Supplied records Block Start

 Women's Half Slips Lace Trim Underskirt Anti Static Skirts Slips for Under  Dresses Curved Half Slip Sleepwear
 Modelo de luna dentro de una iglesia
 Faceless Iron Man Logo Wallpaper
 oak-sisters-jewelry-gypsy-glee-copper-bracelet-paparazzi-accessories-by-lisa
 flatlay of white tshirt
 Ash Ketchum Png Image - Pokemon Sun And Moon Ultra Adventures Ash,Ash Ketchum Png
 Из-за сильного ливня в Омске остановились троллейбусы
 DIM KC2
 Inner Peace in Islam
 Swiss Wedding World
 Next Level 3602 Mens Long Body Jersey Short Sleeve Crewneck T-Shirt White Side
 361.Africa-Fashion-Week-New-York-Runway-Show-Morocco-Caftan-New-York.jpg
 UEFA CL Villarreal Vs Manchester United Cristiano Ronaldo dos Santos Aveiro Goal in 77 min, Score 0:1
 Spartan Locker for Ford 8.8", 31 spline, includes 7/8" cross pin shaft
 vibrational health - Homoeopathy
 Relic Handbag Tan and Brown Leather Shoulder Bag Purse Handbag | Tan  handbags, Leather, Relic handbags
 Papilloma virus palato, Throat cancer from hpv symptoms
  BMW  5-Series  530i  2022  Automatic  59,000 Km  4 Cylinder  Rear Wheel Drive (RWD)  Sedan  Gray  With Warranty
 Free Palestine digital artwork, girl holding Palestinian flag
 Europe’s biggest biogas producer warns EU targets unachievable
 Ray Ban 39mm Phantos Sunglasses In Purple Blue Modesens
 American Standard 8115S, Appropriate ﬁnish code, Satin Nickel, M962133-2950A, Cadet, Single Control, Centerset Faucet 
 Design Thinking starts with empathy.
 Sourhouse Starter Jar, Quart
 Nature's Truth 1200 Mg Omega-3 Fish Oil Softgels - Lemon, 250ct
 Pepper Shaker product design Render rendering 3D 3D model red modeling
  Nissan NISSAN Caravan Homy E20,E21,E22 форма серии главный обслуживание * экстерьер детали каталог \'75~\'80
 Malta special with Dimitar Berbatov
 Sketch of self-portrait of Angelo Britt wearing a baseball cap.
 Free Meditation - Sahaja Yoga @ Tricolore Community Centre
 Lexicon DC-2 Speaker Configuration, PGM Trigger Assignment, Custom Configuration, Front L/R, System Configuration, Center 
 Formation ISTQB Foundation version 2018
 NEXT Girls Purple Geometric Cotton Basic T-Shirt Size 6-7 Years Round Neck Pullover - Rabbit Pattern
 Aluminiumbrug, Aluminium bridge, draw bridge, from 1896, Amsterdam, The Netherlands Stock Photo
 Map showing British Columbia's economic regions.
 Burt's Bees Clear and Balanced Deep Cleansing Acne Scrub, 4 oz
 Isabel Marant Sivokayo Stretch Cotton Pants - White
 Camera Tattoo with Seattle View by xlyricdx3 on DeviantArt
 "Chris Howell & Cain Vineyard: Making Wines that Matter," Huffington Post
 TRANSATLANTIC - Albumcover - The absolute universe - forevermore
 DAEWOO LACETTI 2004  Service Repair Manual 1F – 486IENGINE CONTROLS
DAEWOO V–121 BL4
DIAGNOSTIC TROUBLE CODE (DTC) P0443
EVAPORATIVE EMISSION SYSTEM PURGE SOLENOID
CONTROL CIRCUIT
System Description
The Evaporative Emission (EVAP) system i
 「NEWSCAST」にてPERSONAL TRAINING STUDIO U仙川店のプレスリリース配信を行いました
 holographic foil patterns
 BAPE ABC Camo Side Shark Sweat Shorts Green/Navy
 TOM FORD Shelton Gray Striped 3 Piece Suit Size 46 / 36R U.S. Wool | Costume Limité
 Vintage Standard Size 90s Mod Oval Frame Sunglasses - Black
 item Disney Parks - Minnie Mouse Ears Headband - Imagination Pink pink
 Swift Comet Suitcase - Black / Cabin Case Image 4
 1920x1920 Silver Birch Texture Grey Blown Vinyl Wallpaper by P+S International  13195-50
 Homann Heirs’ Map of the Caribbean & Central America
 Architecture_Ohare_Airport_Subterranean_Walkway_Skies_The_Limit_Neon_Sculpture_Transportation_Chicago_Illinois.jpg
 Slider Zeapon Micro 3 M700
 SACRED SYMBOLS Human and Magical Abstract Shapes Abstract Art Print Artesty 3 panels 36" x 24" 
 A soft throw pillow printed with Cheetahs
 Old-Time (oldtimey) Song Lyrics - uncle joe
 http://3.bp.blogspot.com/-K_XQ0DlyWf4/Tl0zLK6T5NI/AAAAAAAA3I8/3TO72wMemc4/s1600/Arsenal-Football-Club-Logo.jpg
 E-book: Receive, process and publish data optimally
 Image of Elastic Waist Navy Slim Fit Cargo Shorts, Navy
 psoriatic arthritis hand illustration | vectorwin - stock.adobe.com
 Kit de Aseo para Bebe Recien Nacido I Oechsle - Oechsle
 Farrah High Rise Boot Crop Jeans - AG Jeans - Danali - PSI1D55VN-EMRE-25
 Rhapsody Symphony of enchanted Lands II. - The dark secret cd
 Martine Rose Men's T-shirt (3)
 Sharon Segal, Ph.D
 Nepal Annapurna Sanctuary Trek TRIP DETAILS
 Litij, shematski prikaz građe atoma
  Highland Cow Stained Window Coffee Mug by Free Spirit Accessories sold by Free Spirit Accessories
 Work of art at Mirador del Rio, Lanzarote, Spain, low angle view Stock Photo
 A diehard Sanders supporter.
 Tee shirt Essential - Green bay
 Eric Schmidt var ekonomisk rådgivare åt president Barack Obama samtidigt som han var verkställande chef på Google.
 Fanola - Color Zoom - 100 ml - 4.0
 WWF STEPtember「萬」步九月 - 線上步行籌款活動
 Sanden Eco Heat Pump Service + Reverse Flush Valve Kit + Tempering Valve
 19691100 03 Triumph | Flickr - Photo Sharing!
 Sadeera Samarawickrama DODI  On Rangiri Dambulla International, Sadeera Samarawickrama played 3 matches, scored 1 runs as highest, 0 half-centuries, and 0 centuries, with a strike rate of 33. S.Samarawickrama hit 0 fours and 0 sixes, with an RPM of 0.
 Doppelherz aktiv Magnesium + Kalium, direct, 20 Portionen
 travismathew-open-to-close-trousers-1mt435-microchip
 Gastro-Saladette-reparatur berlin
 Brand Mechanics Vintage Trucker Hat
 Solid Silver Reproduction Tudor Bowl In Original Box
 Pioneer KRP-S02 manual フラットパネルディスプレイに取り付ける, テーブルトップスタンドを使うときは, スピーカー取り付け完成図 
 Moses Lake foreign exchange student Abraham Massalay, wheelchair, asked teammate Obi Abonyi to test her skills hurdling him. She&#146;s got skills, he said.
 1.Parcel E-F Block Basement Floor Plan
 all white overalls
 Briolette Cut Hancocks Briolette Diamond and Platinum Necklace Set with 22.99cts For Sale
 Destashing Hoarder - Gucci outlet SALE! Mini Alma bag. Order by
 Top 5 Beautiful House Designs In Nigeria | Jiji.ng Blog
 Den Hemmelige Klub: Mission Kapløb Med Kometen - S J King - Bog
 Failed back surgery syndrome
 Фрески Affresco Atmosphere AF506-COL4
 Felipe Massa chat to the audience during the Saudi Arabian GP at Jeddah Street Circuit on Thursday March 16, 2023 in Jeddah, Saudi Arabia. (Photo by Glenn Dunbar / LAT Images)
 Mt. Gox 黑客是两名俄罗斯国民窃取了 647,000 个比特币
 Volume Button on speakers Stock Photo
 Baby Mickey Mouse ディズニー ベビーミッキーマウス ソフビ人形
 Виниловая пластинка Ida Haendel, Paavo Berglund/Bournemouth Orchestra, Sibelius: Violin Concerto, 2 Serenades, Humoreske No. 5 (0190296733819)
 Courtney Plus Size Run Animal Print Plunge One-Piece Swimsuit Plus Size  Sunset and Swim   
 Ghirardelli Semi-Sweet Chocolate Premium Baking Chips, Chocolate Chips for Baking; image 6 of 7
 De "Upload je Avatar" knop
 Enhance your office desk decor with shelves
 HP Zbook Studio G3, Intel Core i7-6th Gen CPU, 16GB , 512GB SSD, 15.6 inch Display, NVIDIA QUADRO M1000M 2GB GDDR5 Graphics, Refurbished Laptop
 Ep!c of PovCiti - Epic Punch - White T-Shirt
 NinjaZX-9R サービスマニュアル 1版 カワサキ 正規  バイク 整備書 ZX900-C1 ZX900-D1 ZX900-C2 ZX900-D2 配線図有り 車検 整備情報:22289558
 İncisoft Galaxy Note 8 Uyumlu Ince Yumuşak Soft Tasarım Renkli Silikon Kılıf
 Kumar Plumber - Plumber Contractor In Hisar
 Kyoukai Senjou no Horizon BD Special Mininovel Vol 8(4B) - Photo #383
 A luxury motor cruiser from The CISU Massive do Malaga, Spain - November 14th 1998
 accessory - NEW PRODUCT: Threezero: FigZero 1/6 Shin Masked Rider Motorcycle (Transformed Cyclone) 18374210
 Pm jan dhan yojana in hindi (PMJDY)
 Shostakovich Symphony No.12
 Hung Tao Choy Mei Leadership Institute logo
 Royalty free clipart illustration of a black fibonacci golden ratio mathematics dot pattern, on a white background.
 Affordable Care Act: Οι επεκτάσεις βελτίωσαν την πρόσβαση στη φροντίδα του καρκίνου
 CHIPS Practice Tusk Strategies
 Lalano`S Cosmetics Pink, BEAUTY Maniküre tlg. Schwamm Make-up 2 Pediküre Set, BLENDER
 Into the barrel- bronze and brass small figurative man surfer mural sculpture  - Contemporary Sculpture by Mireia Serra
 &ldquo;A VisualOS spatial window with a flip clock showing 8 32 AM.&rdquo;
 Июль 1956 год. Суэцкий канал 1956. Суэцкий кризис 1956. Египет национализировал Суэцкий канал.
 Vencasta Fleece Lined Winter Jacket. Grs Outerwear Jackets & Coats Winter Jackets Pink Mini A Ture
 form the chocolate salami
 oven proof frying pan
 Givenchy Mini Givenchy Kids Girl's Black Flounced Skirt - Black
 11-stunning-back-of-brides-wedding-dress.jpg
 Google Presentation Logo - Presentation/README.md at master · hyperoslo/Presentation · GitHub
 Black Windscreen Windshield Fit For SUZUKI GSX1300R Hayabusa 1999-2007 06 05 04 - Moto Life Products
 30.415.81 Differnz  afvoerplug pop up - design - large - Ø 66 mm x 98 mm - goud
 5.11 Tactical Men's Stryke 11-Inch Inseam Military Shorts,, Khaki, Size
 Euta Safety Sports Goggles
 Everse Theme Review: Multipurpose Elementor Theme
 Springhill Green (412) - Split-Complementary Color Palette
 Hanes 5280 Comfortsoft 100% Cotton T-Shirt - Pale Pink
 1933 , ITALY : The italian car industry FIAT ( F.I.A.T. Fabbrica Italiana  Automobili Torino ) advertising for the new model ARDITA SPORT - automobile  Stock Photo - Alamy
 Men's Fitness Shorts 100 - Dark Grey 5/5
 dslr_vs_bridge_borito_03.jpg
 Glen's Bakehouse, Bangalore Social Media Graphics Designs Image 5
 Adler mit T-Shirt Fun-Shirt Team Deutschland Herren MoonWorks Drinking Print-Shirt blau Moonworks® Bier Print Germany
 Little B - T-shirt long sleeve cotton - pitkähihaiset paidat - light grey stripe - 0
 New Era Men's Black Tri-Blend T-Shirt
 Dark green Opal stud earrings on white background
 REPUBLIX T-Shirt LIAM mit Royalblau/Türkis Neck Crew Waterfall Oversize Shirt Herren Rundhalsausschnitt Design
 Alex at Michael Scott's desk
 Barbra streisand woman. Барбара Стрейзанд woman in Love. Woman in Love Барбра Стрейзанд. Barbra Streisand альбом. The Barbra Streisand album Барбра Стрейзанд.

Supplied records Block End

Please retype the top of the data exactly, down to and including the line that holds "Sourhouse Starter Jar, Quart", and nothing further.

Response to the exercise.
 Women's Half Slips Lace Trim Underskirt Anti Static Skirts Slips for Under  Dresses Curved Half Slip Sleepwear
 Modelo de luna dentro de una iglesia
 Faceless Iron Man Logo Wallpaper
 oak-sisters-jewelry-gypsy-glee-copper-bracelet-paparazzi-accessories-by-lisa
 flatlay of white tshirt
 Ash Ketchum Png Image - Pokemon Sun And Moon Ultra Adventures Ash,Ash Ketchum Png
 Из-за сильного ливня в Омске остановились троллейбусы
 DIM KC2
 Inner Peace in Islam
 Swiss Wedding World
 Next Level 3602 Mens Long Body Jersey Short Sleeve Crewneck T-Shirt White Side
 361.Africa-Fashion-Week-New-York-Runway-Show-Morocco-Caftan-New-York.jpg
 UEFA CL Villarreal Vs Manchester United Cristiano Ronaldo dos Santos Aveiro Goal in 77 min, Score 0:1
 Spartan Locker for Ford 8.8", 31 spline, includes 7/8" cross pin shaft
 vibrational health - Homoeopathy
 Relic Handbag Tan and Brown Leather Shoulder Bag Purse Handbag | Tan  handbags, Leather, Relic handbags
 Papilloma virus palato, Throat cancer from hpv symptoms
  BMW  5-Series  530i  2022  Automatic  59,000 Km  4 Cylinder  Rear Wheel Drive (RWD)  Sedan  Gray  With Warranty
 Free Palestine digital artwork, girl holding Palestinian flag
 Europe’s biggest biogas producer warns EU targets unachievable
 Ray Ban 39mm Phantos Sunglasses In Purple Blue Modesens
 American Standard 8115S, Appropriate ﬁnish code, Satin Nickel, M962133-2950A, Cadet, Single Control, Centerset Faucet 
 Design Thinking starts with empathy.
 Sourhouse Starter Jar, Quart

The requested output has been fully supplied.